◆ INSTRUCTIONS TO FOLLOW ◆
Could you copy exactly the lines below from the one with "Cloud Background wallpaper" to the one with "Capen Park Riverside", inclusive, leaving out any pictures?

◆ DATA TO PROCESS ◆
● ● ●
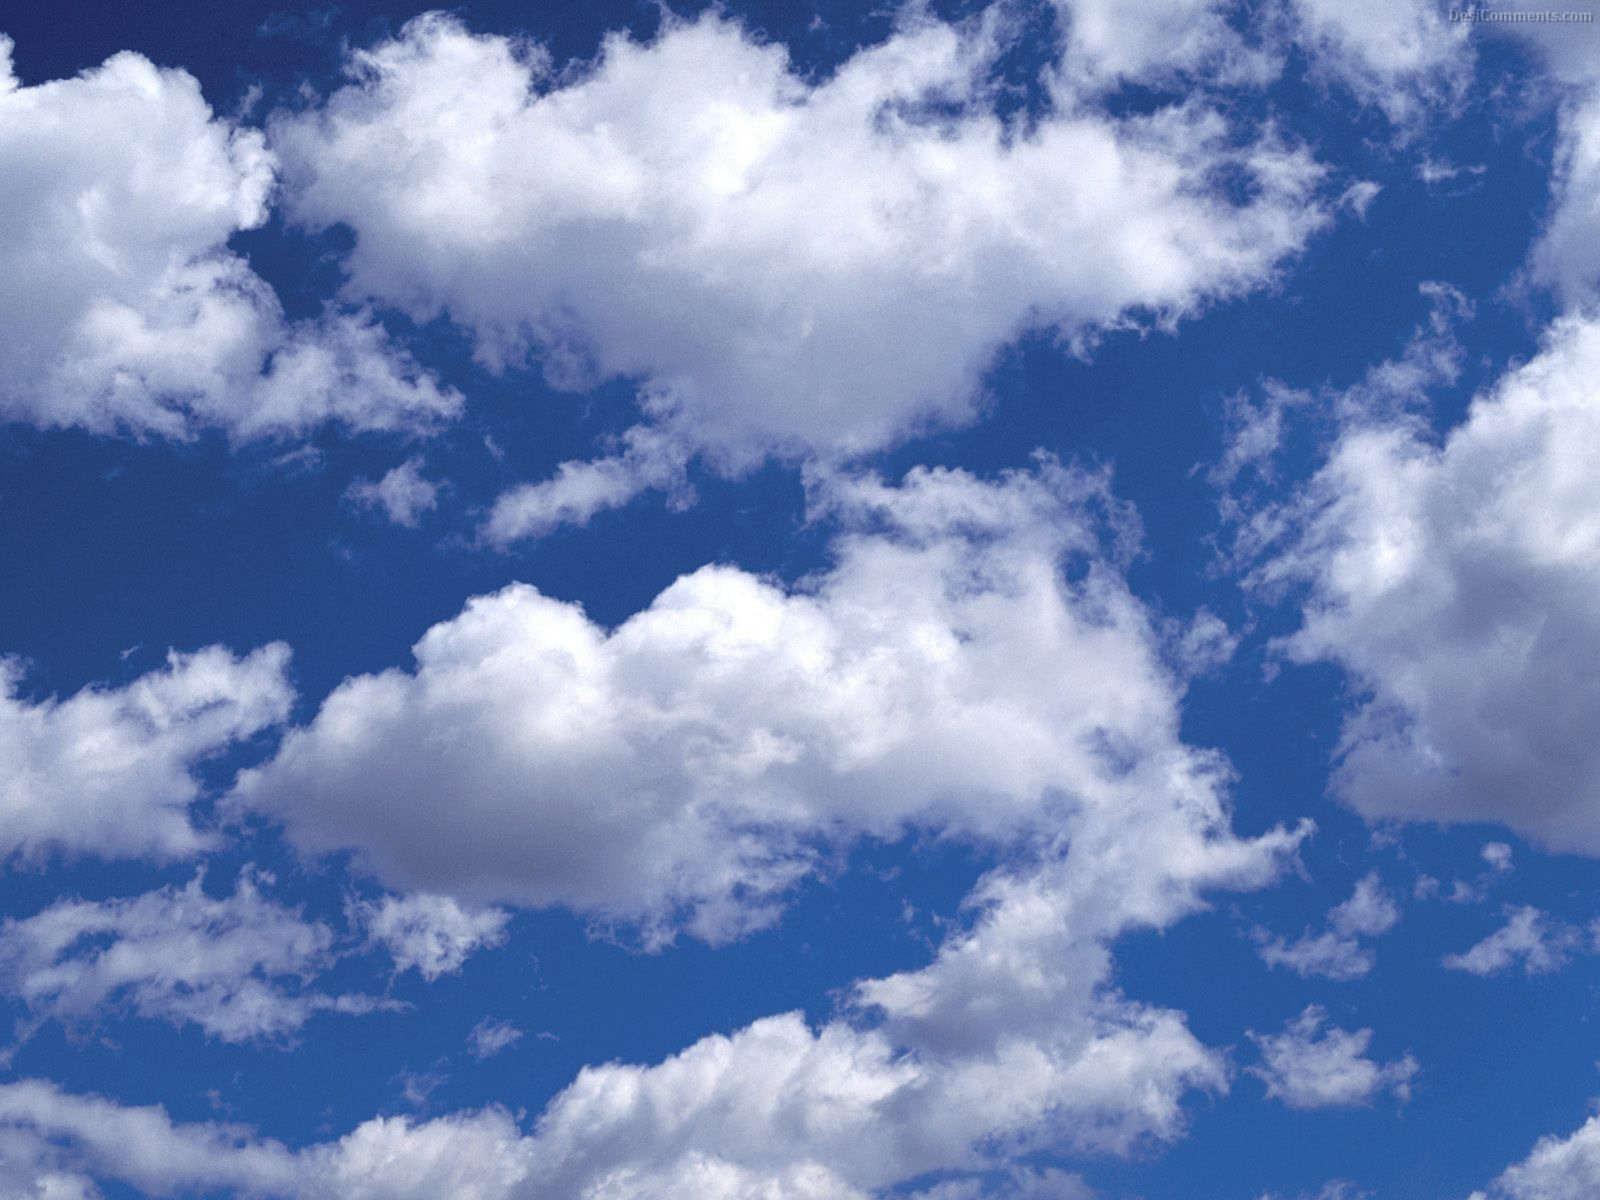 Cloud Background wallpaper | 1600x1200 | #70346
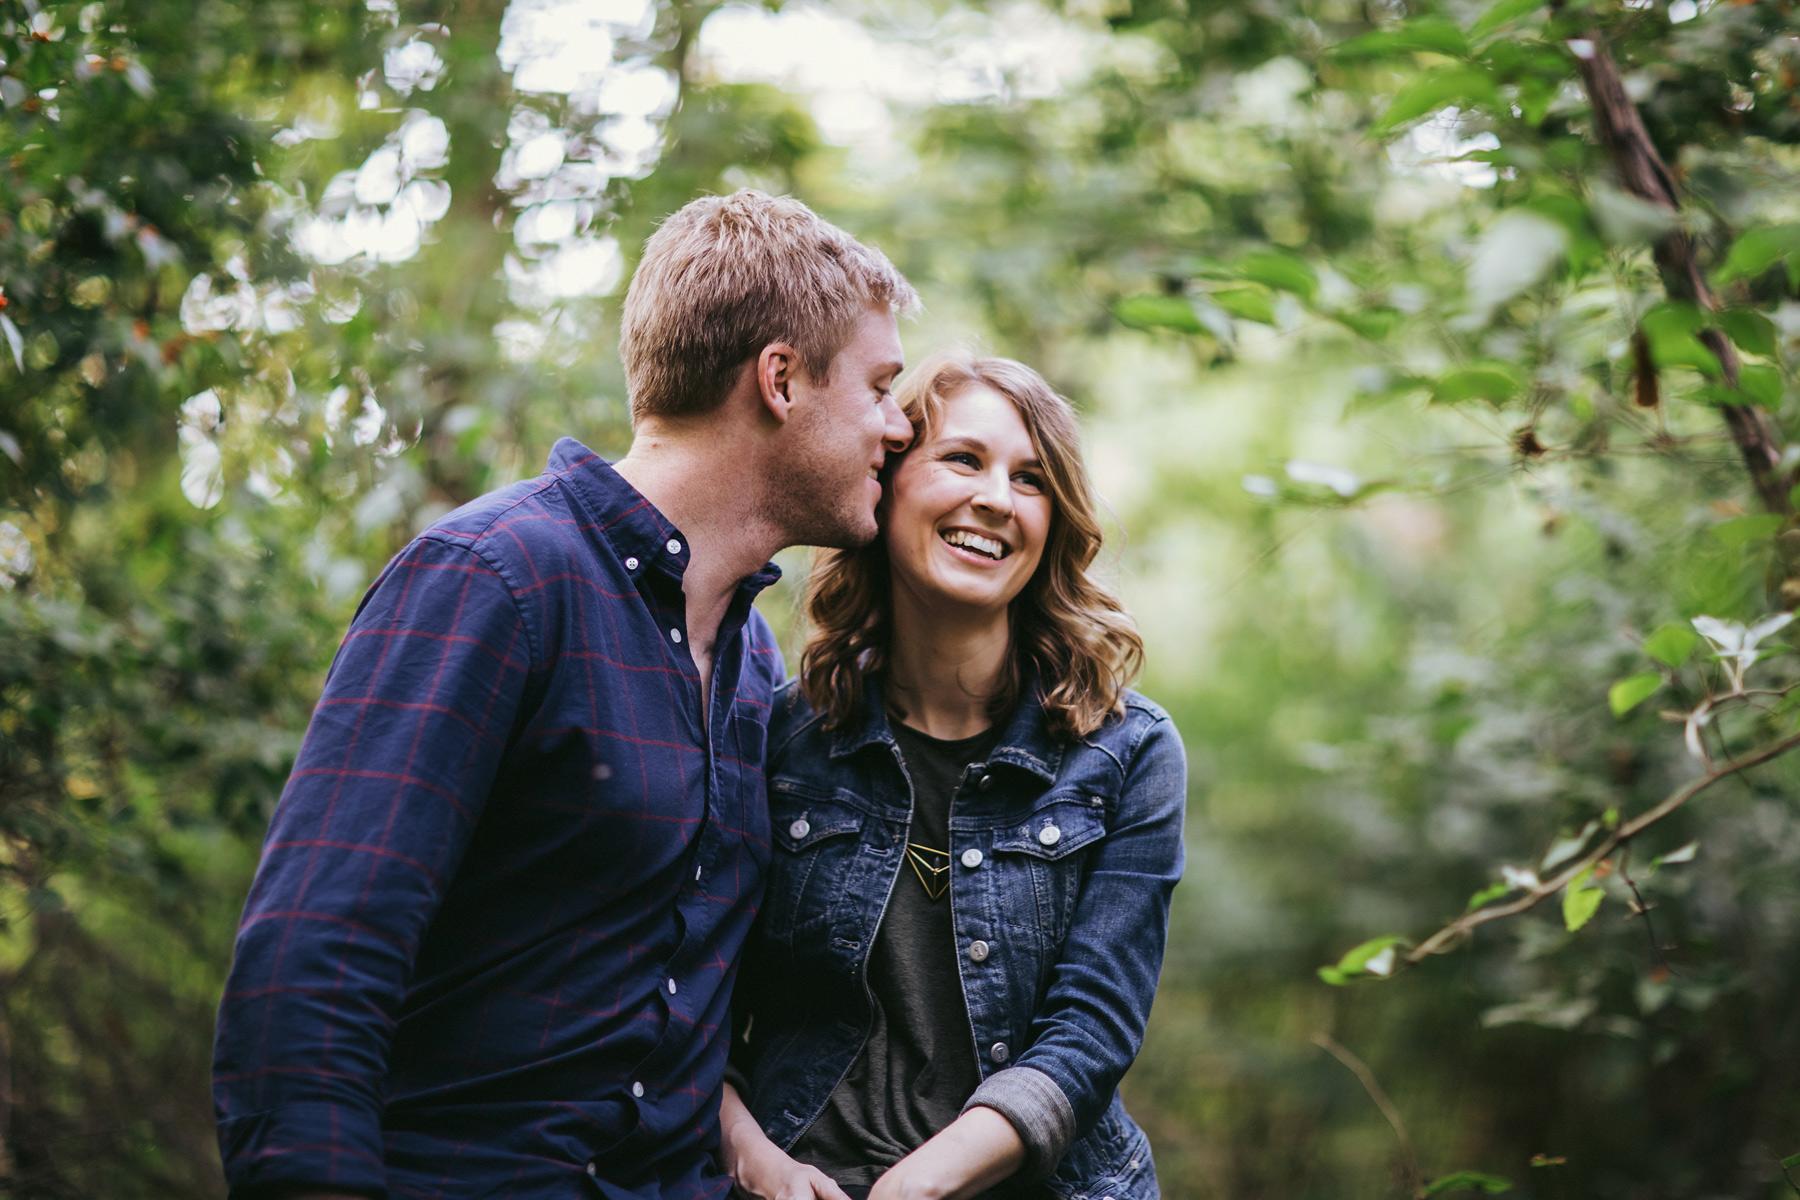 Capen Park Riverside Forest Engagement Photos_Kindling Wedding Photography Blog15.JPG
● ● ●
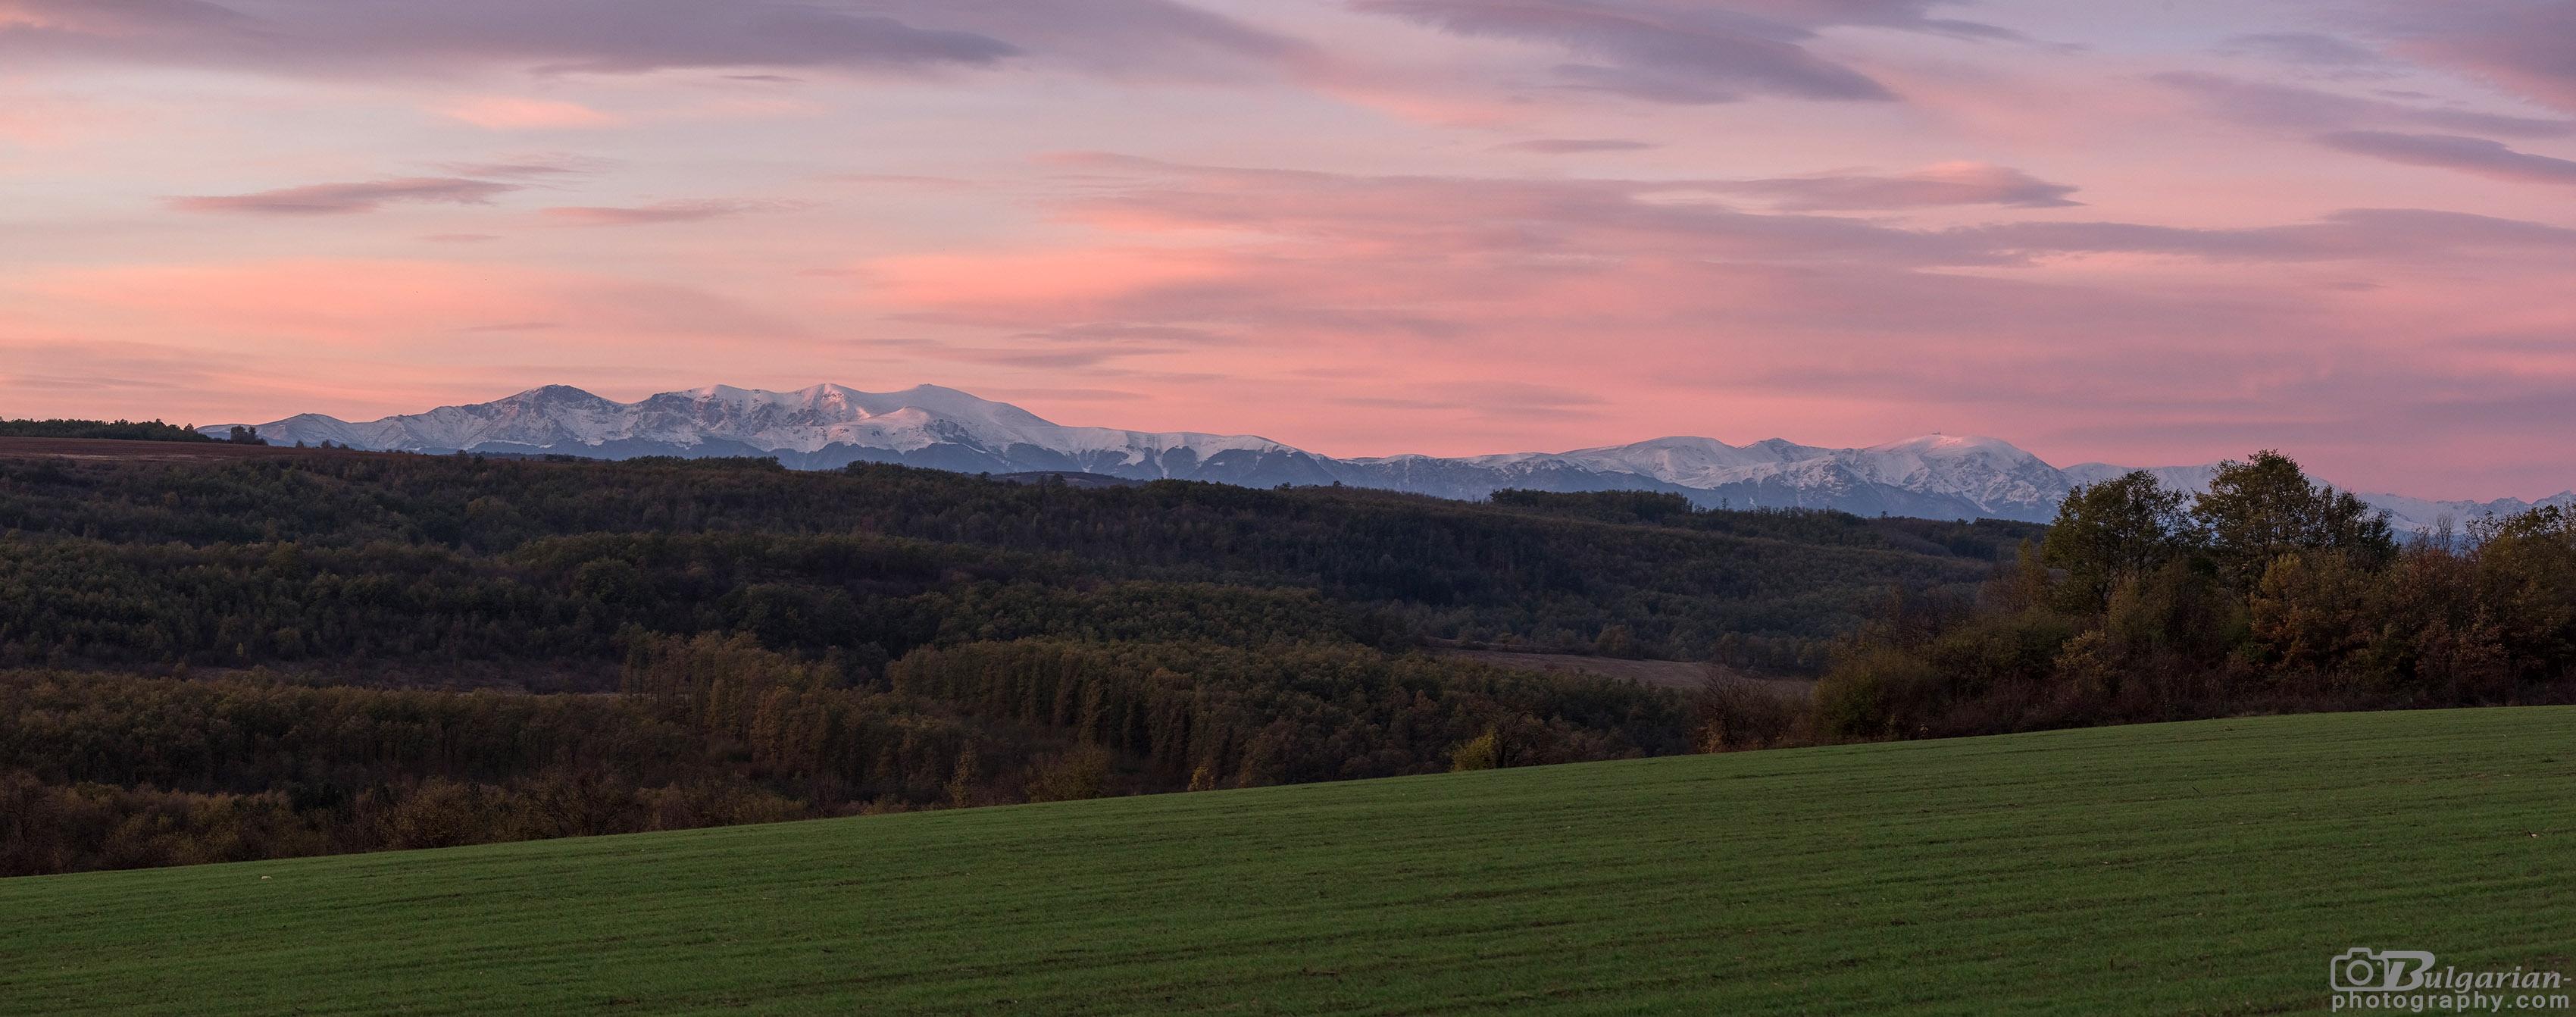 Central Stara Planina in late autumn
● ● ●
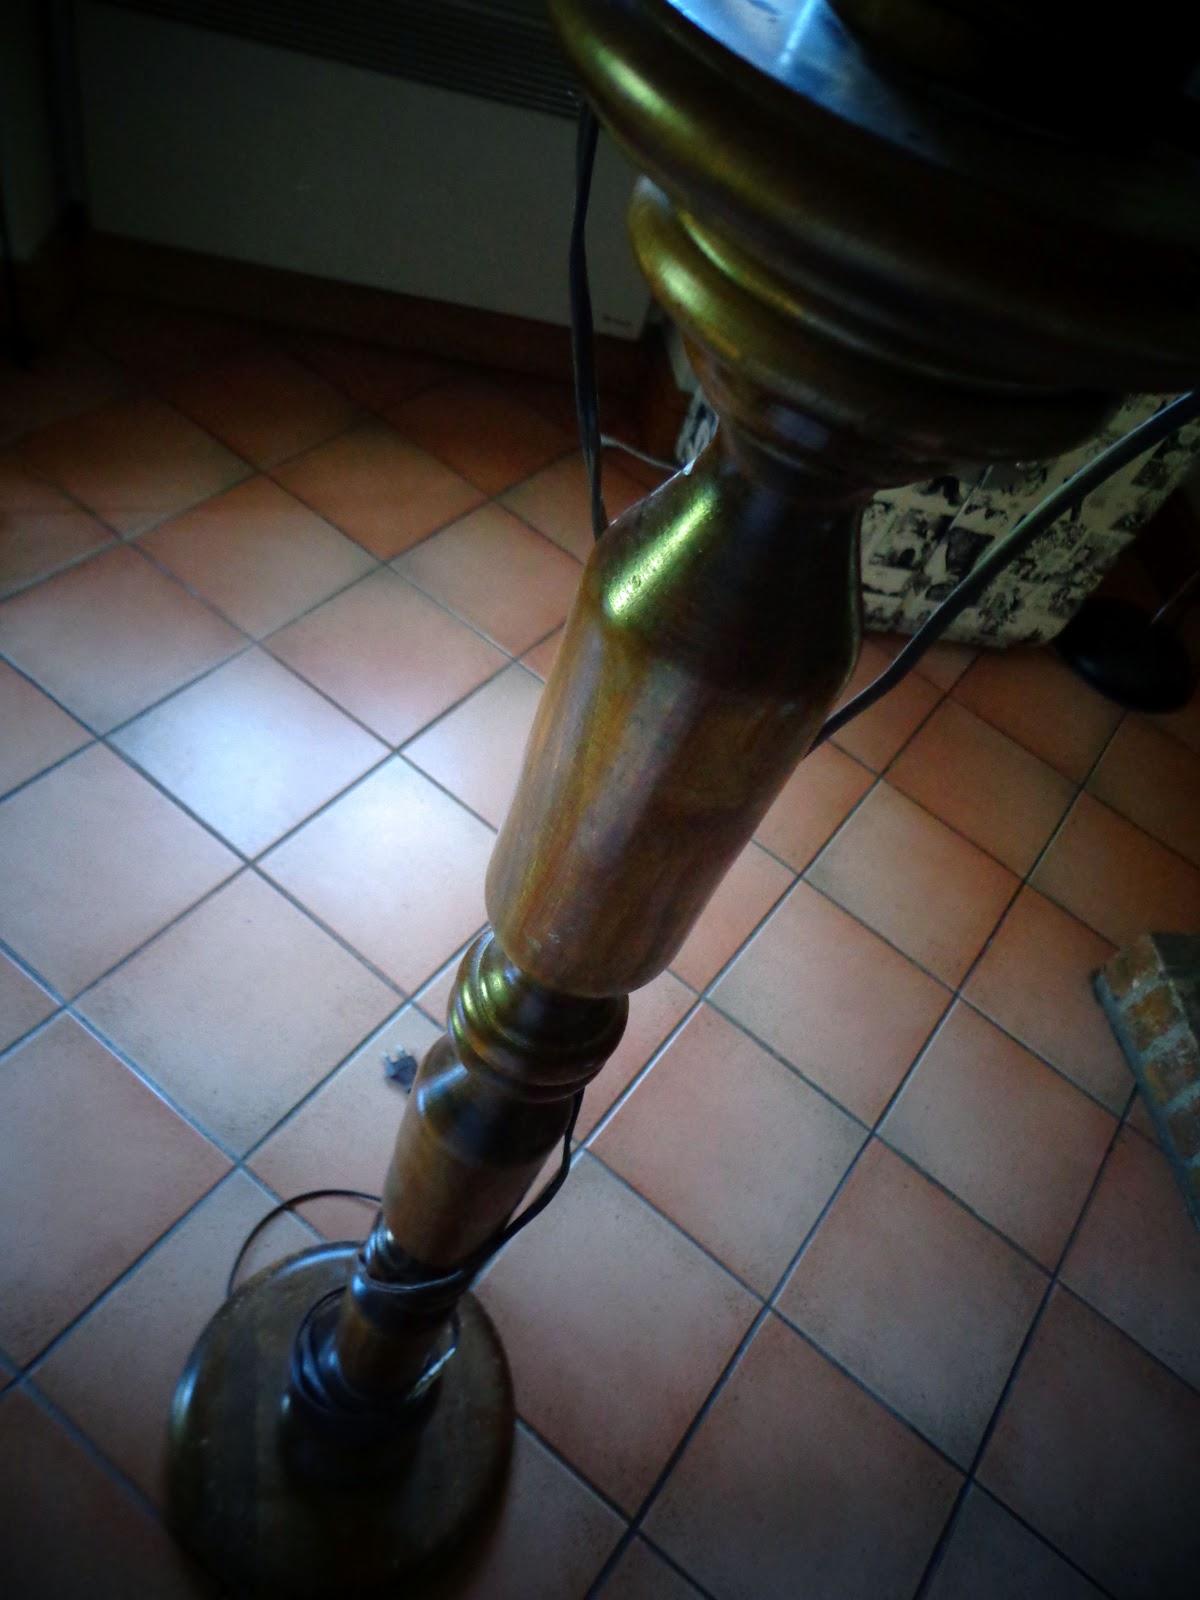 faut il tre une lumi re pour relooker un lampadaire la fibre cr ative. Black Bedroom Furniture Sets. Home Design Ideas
● ● ●
◆ EXERCISE SOLUTION ◆
 Cloud Background wallpaper | 1600x1200 | #70346
 Capen Park Riverside Forest Engagement Photos_Kindling Wedding Photography Blog15.JPG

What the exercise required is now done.